From this analysis, which is application independent and transparent to the VMs, NAP identifies performance bottlenecks that might affect application performance and derives application resizing decisions that are most likely to alleviate performance degradation.

We prototyped our solution for the Xen hypervisor and evaluated it using the popular Trade6 benchmark that simulates a typical e-commerce application. Our results show that NAP successfully identifies performance bottlenecks in a complex multi-tier application setting, while incurring negligible performance overhead.

Muli Ben-Yehuda, David Breitgand, Michael Factor, Hillel Kolodner, Valentin Kravtsov, Dan Pelleg, "NAP, a Building Block for Remediating Performance Bottlenecks via Black Box Network Analysis", to appear in 6th IEEE International Conference on Autonomic Computing (ICAC'09), June 15-19, Barcelona, Spain.

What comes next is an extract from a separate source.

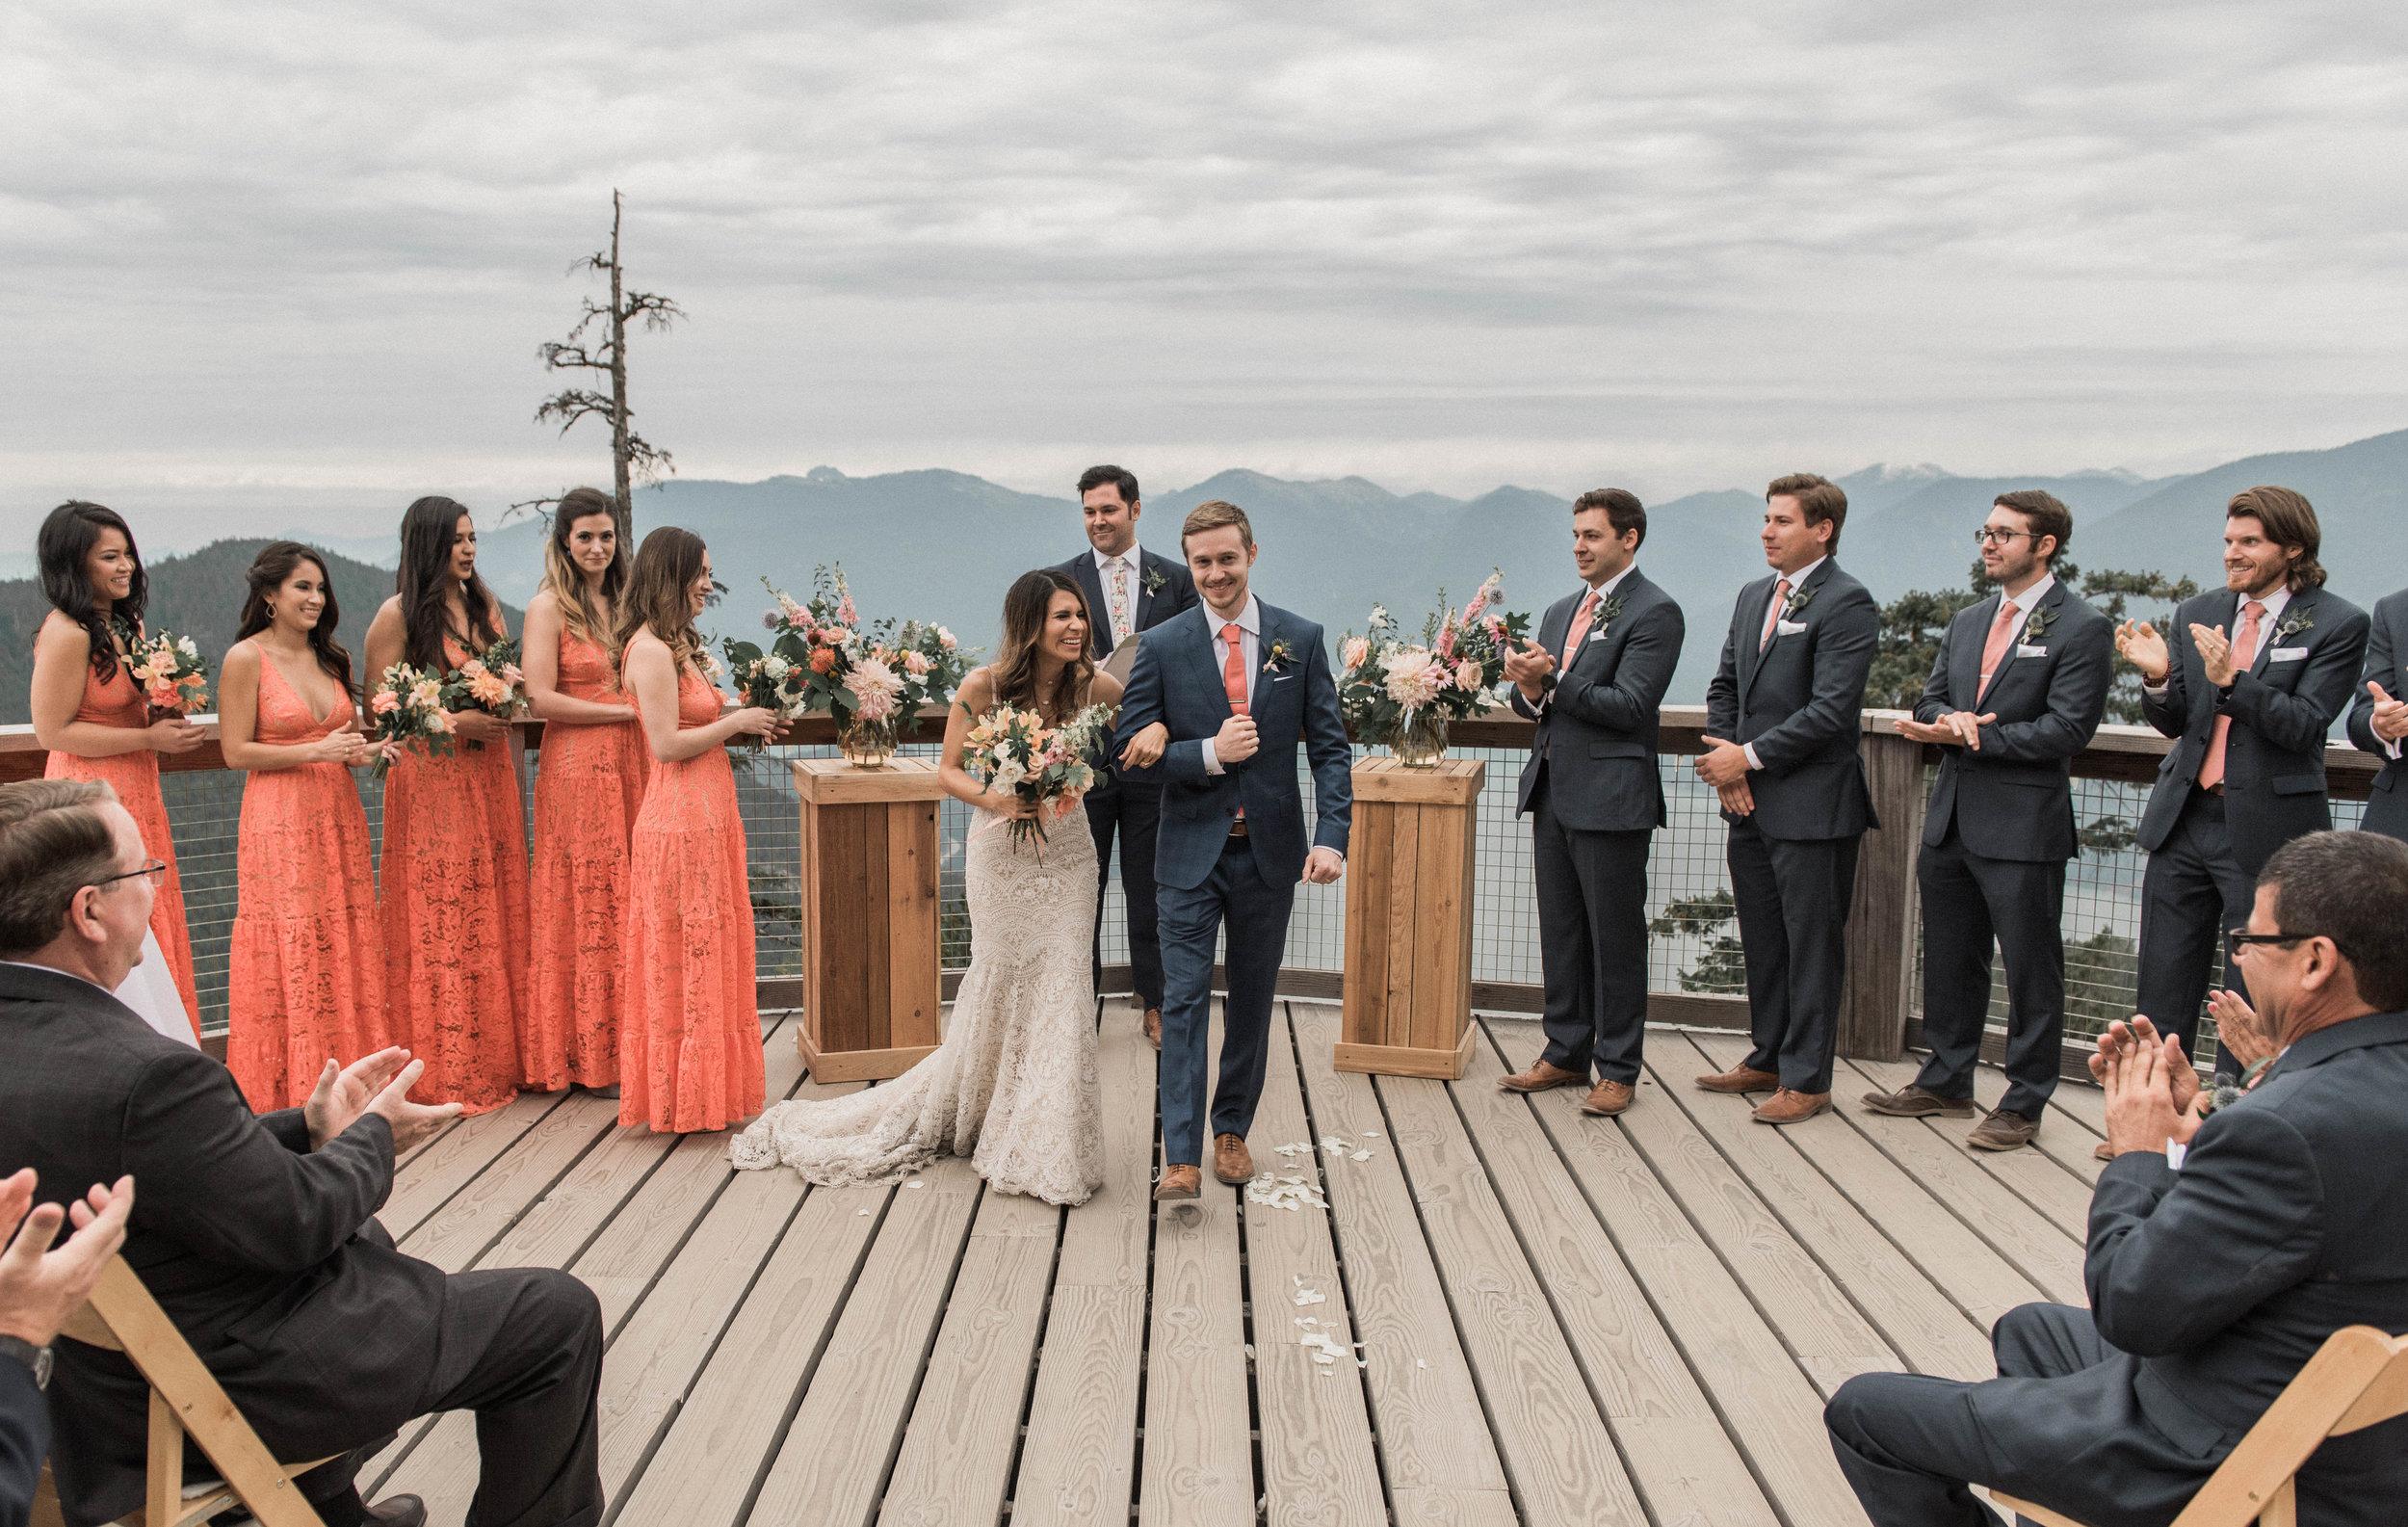 austin-texas-wedding-photography-1778-photographie-96.jpg

Green storage and beyond - new challenges in today's storage systems
Dalit Naor

The landscape of storage technology is changing - performance is no longer the main objective. Storage systems today need to efficiently cope with data deluge and need to support new cost and business models for storing and preserving the data. In this talk I will review some emerging challenges in this area and will concentrate on one particular challenge - energy efficient storage systems. I will present two distinct approaches that were studied in our group at IBM Haifa Research Lab to deal with power reduction in storage systems. The first approach is based on turning off storage units while the other approach is based on reducing the power consumption by tuning the I/O workload.

For the first approach we consider large scale, distributed storage systems (a la Cloud) with built-in redundancy mechanisms. We investigate how such systems can reduce their power consumption during low-utilization time intervals by operating in a low-power mode, whereby a subset of the disks or nodes are powered down. We investigate the power savings attainable under various scenarios.

For the second approach, we must deal with the fact that real power measurements in storage are hard to come by. We developed a scalable power modeling method that estimates the power consumption of storage workloads. The modeling concept is based on identifying the major workload contributors to the power consumed by the disk arrays. Our power estimation results are highly accurate compared to real measurements conducted in a lab setting.

My talk will be based on: [1] Low Power Mode in Cloud Storage Systems, by Danny Harnik, Dalit Naor and Itai Segall, to appear in SMTPS 2009. and [2] Storage Modeling for Power Estimation, by Miriam Allalouf, Yuriy Arbitman, Michael Factor, Ronen Kat, Kalman Meth and Dalit Naor, to appear in SYSTOR 2009.